B-factors as a Filter for Atoms

Temperature B-factors or Debye-Waller factors are experimentally measured for atoms in X-ray crystallography and have been used to represent the atomic mobility. Residues exhibiting relatively low B-factors are generally those participating in forming secondary structures, neighboring disulfide bridges, or are involved in ligands binding. Atoms largely exposed to solvent generally experience more fluctuation and exhibit larger B-factors.

To test the hypothesis whether key resides potentially involved in ligands binding have lower B values, we use ca 500 structures without ligands or substrates from protein set ${\mathcal{B}}$ and compare B-factors of key residues and of non-key resides. Fig. 3 shows that in general key residues have smaller B-factors, and most are polar residues (e.g., His, Asp, Glu, Asn, Gln, Lys, Arg, and Ser).
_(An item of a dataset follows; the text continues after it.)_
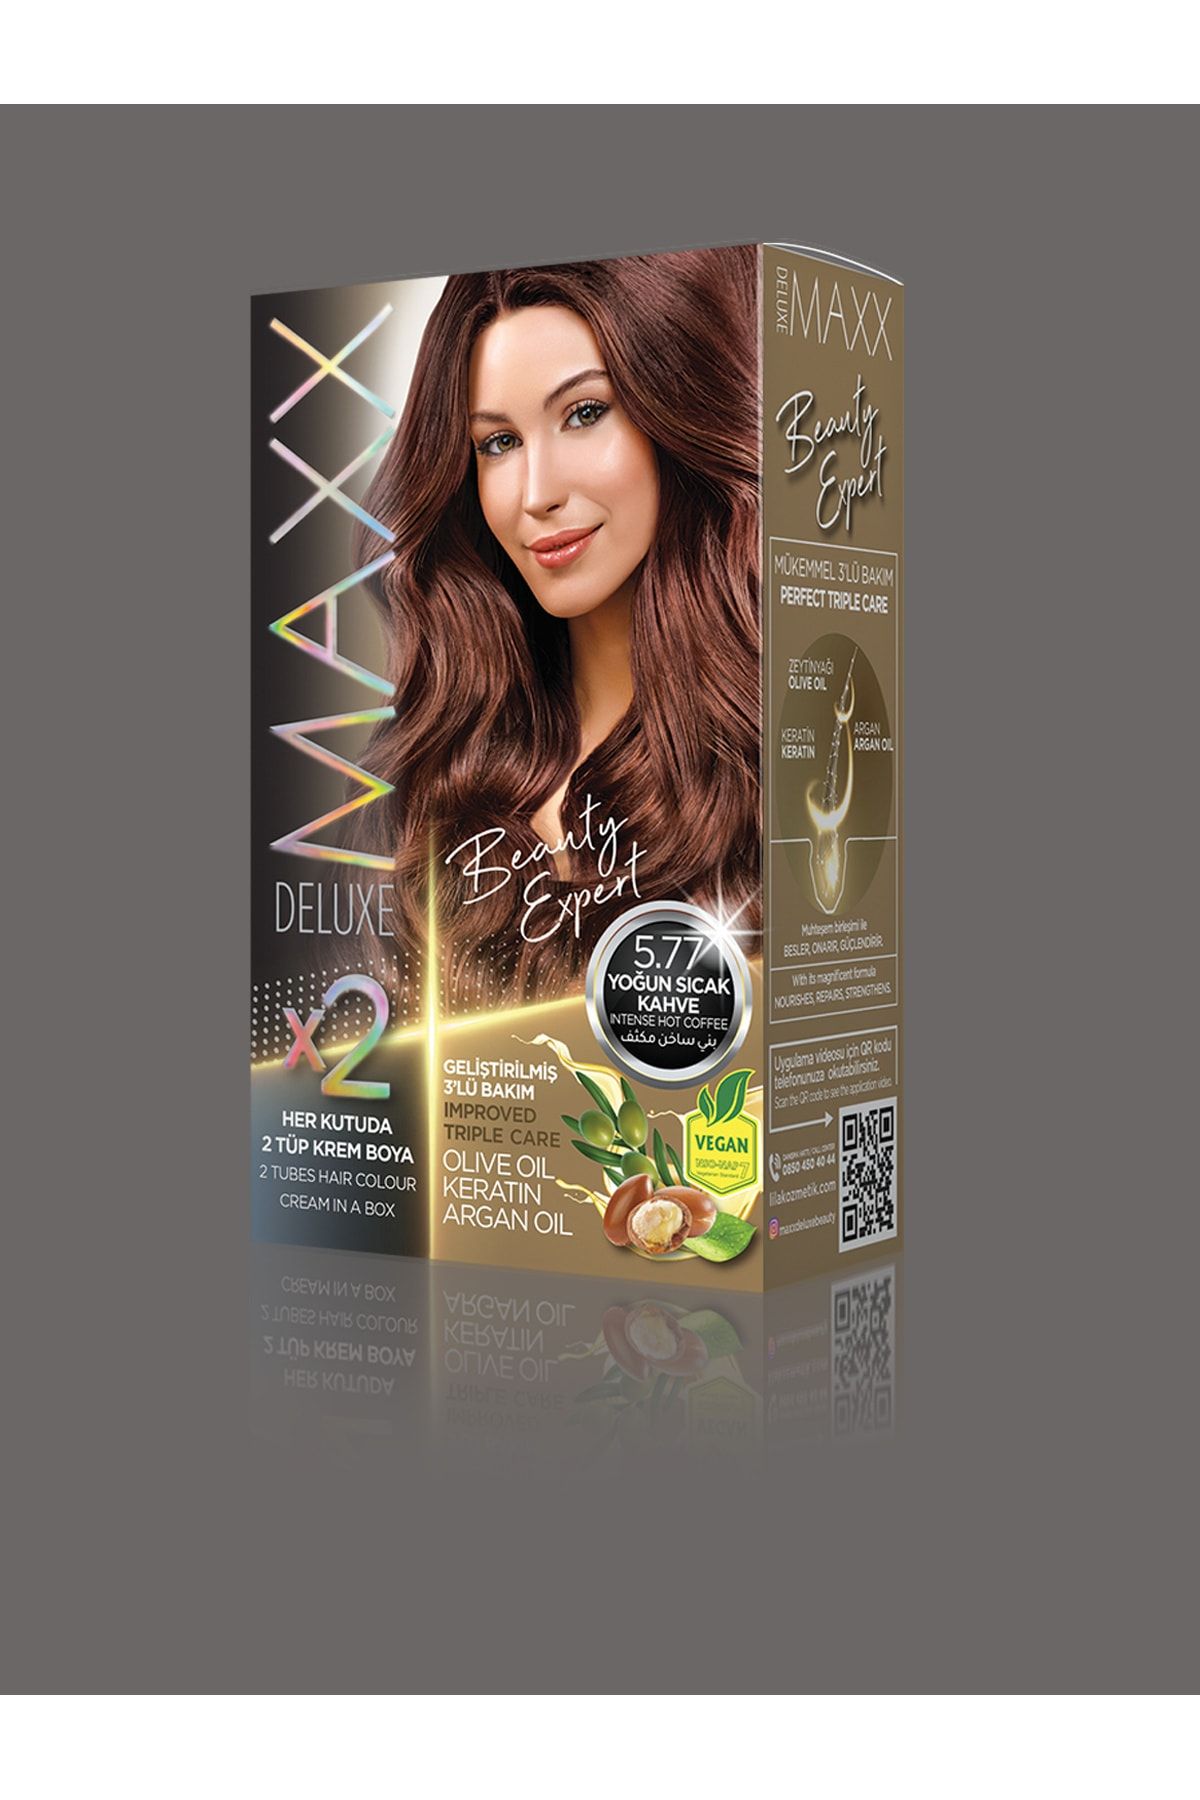 MAXX DELUXE Maxx Beauty Expert Set Saç Boyası Yoğun Sıcak Kahve 5.77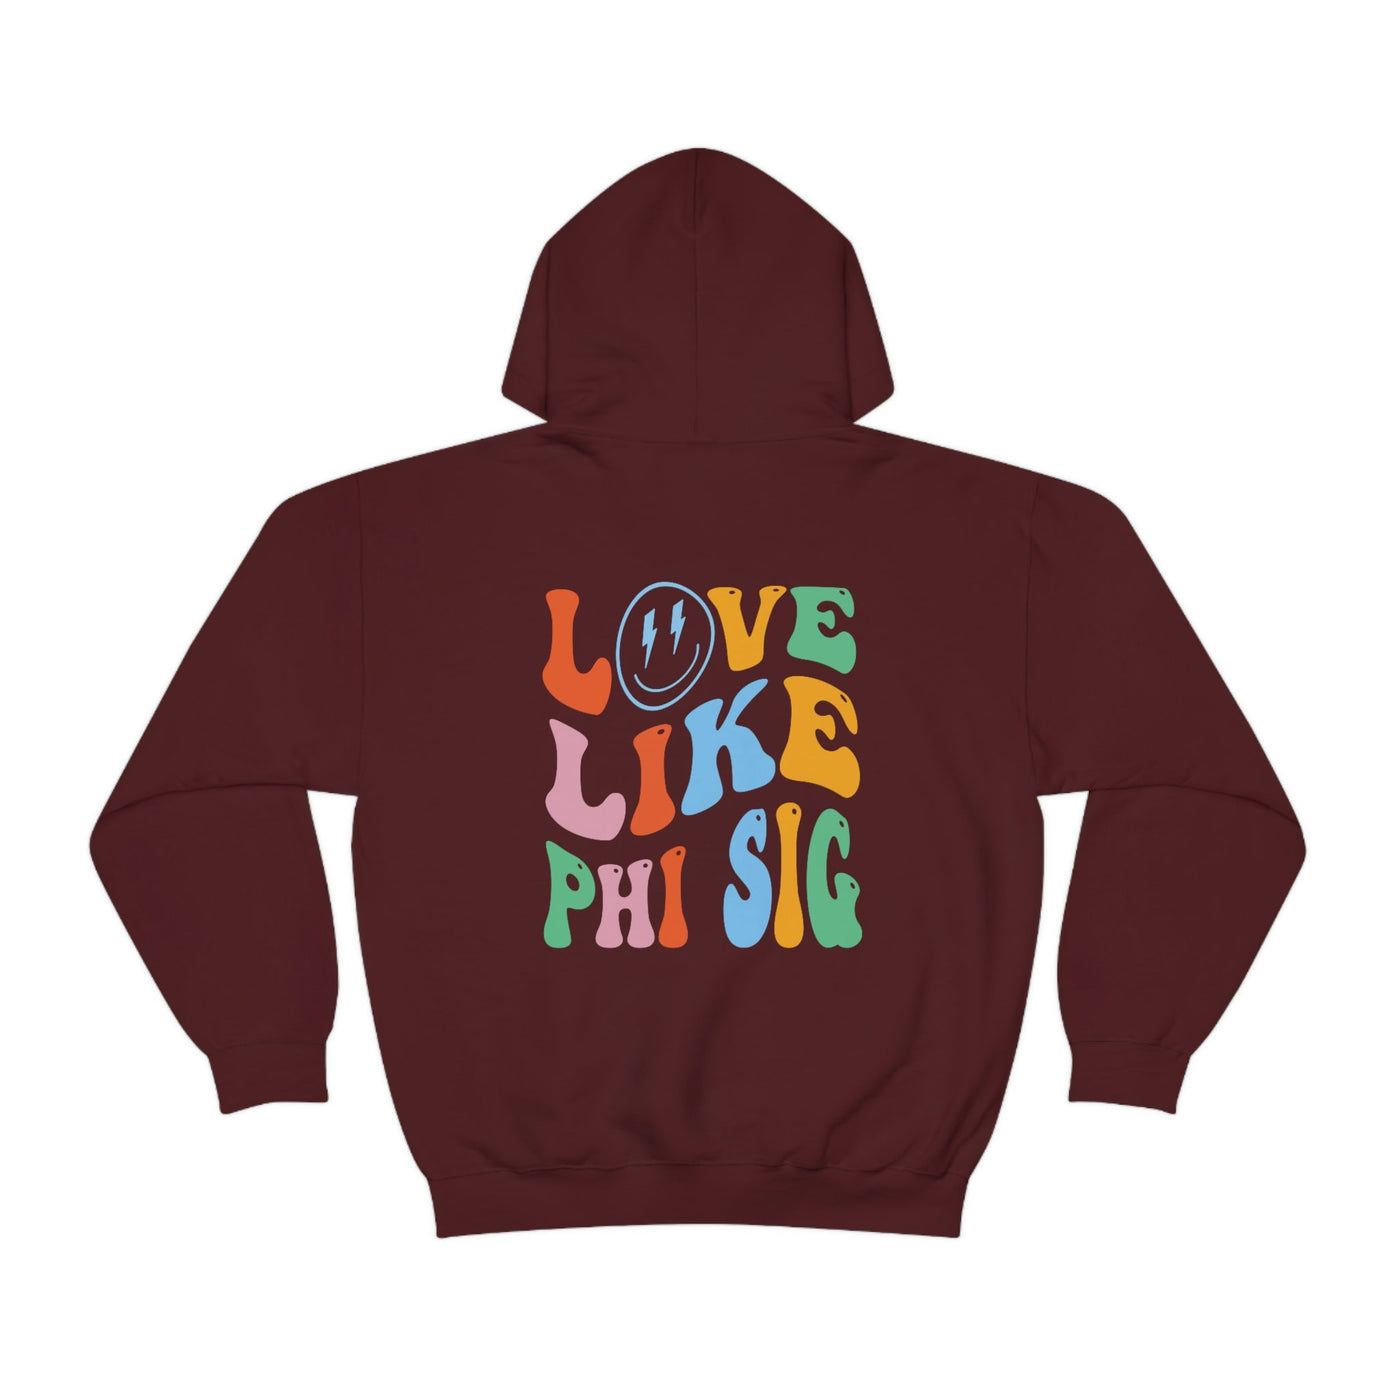 Phi Sigma Sigma Soft Sorority Sweatshirt | Love Like Phi Sig Sorority Hoodie

Based on this observation, we use B-factors as a filter in our predicton. For a surface pocket, we first select only atomic patterns with high probabilities, namely, those appear with high frequencies among all patterns. For atomic patterns with single occurrence that is recorded in the database of known key residues, we compare their B-factors to that of key residues with the same atomic patterns from our database. If the B-factor is less than the highest one from the database, we accept this residue for further analysis, otherwise this residue is removed from further considertion. For multiply occurring patterns, we only accept the ones if their B-factors are less than the average B-factors of the same pattern in the database, or we choose the lowest one. With this implementation of B-factor as a filter, we can improve the accuracy of predicting key residues (Table 1).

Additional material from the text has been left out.